Glenn and Walker, who had not seen each other for a year or so, shook hands.

“This is the only man I know who likes Mexican locations,” Jack Glenn told the people at the table. “I hope you didn’t come to make changes.”

“I am death,” Walker said, “destroyer of worlds. I’ve come to write people out of the script.”

“Jesus Christ,” Jack Glenn said.

Walker picked up his coffee and drained half of it at a swallow. It was really liquor he wanted, something to slow him down now that he was speeded up.

“To some people,” he declared, “Mexican locations are just dollar-ante poker and centipedes. I’m not like that.”

“Really?” Helena asked.

“I come,” Walker said, “to see the elephants.”

“Well,” Helena said. “This is all very tame stuff, if you ask me. Outside of the usual drunks. It’s so tranquil and businesslike it’s almost boring.”

Walker saw that she was pitching Jack Glenn. He found himself liking Helena a little less each moment.

“That could change overnight,” he told her.

“The last thing I did yesterday,” Axelrod said, “was put a drunk to bed. And what was the first thing I did this morning?”

“It’s psychodrama,” Glenn said. “All location shows are psychodrama.”

“Some of us get a little more psycho than others,” Axelrod said.
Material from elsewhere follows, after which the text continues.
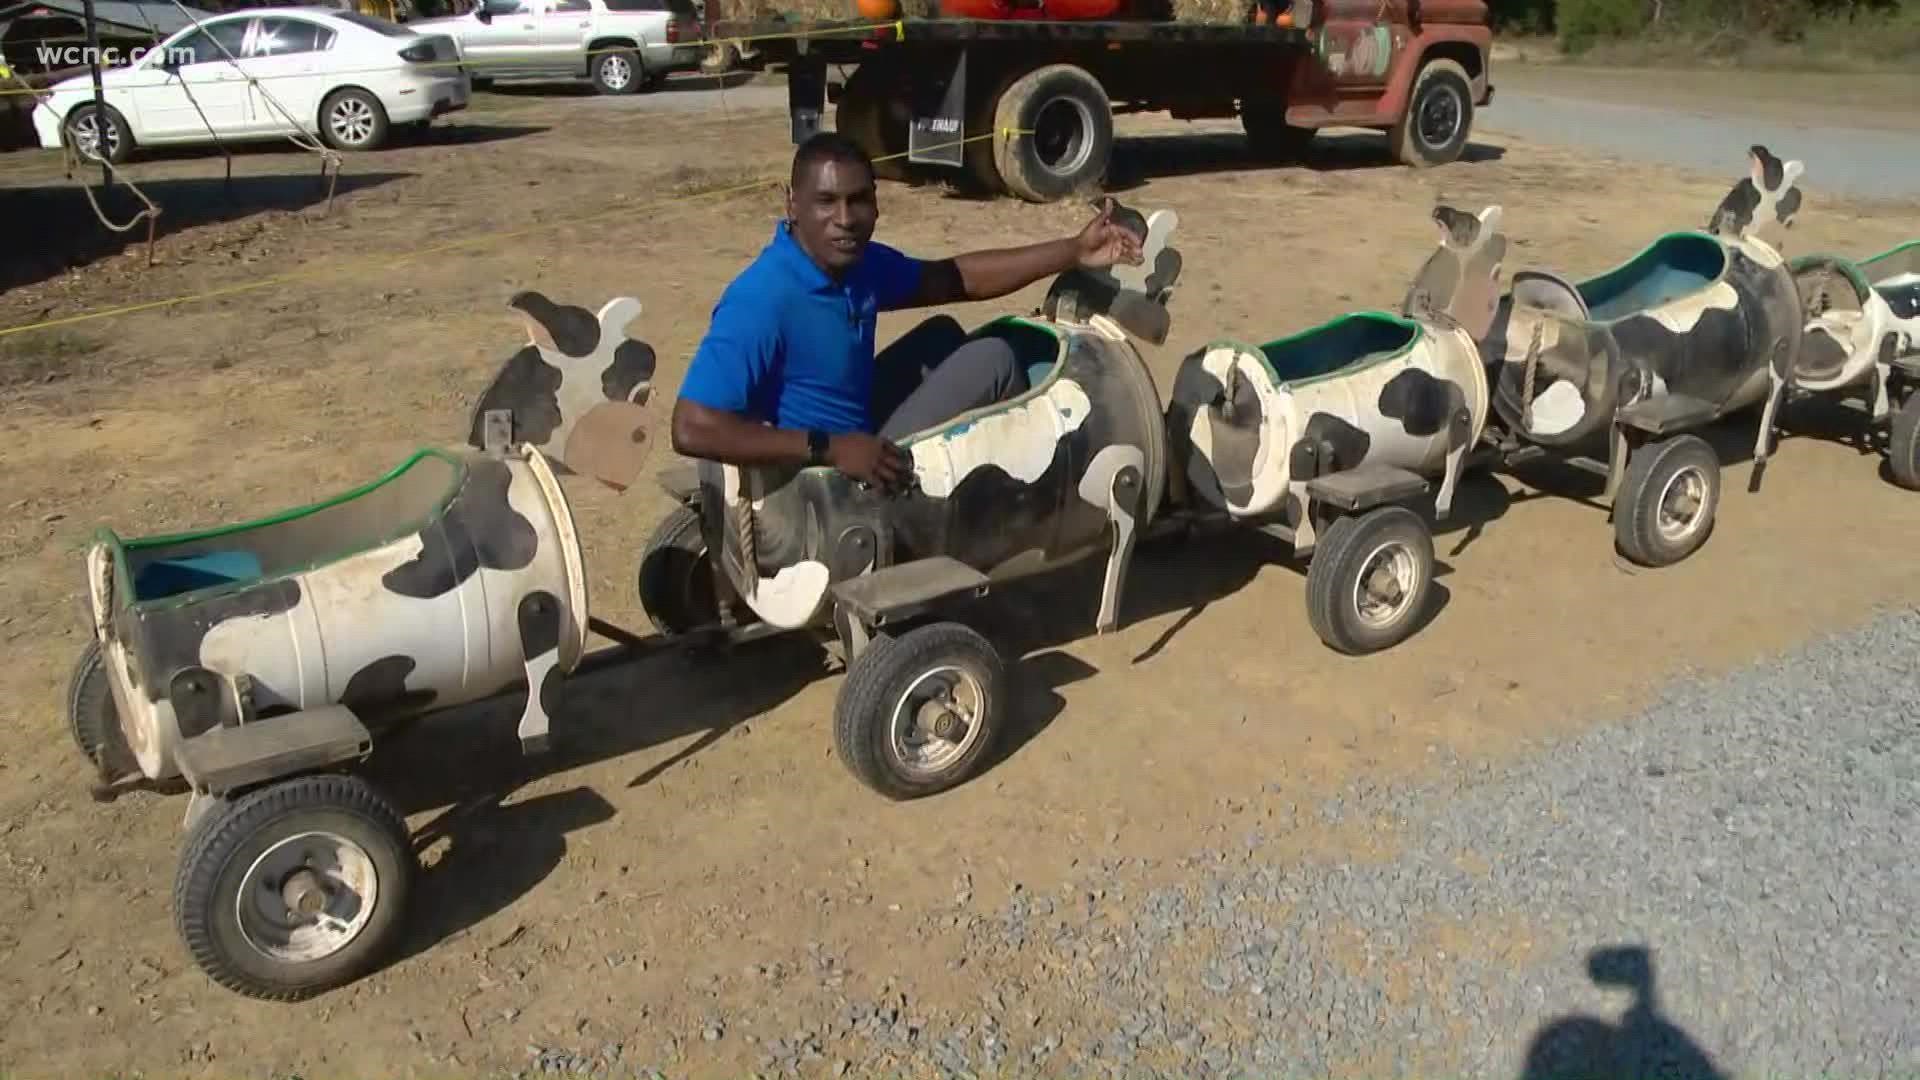 KJ Jacobs rides the cow train at Country Days Corn Maze.

There was a brief tense silence.

“A friend of mine was down here making a movie a couple of years ago,” Glenn told them. “It was over by San Miguel. They were all staying at a hotel there and the restaurant cashier fell madly in love with him.”

“I do hope this has a happy ending,” Helena said.

“The thing was, he never even noticed her. So she went home to her village warlock and got a love potion. Like condor wattles and iguana testicles — she had the cook slip them into his huevos rancheros.

“Did it work?” Axelrod asked.

“It worked fine. They had to fly him out in a helicopter. I mean, it was Mexico and everybody was sick, but this guy was ready for El Morgue-o. He sent for a priest.”

“What about the girl?” Helena asked.

Axelrod lit a cigar. “She married the cook.”

“Those were the days,” Glenn said, “when the movies spelled romance.

Walker stood up and as he did so Helena and Axelrod exchanged quick glances.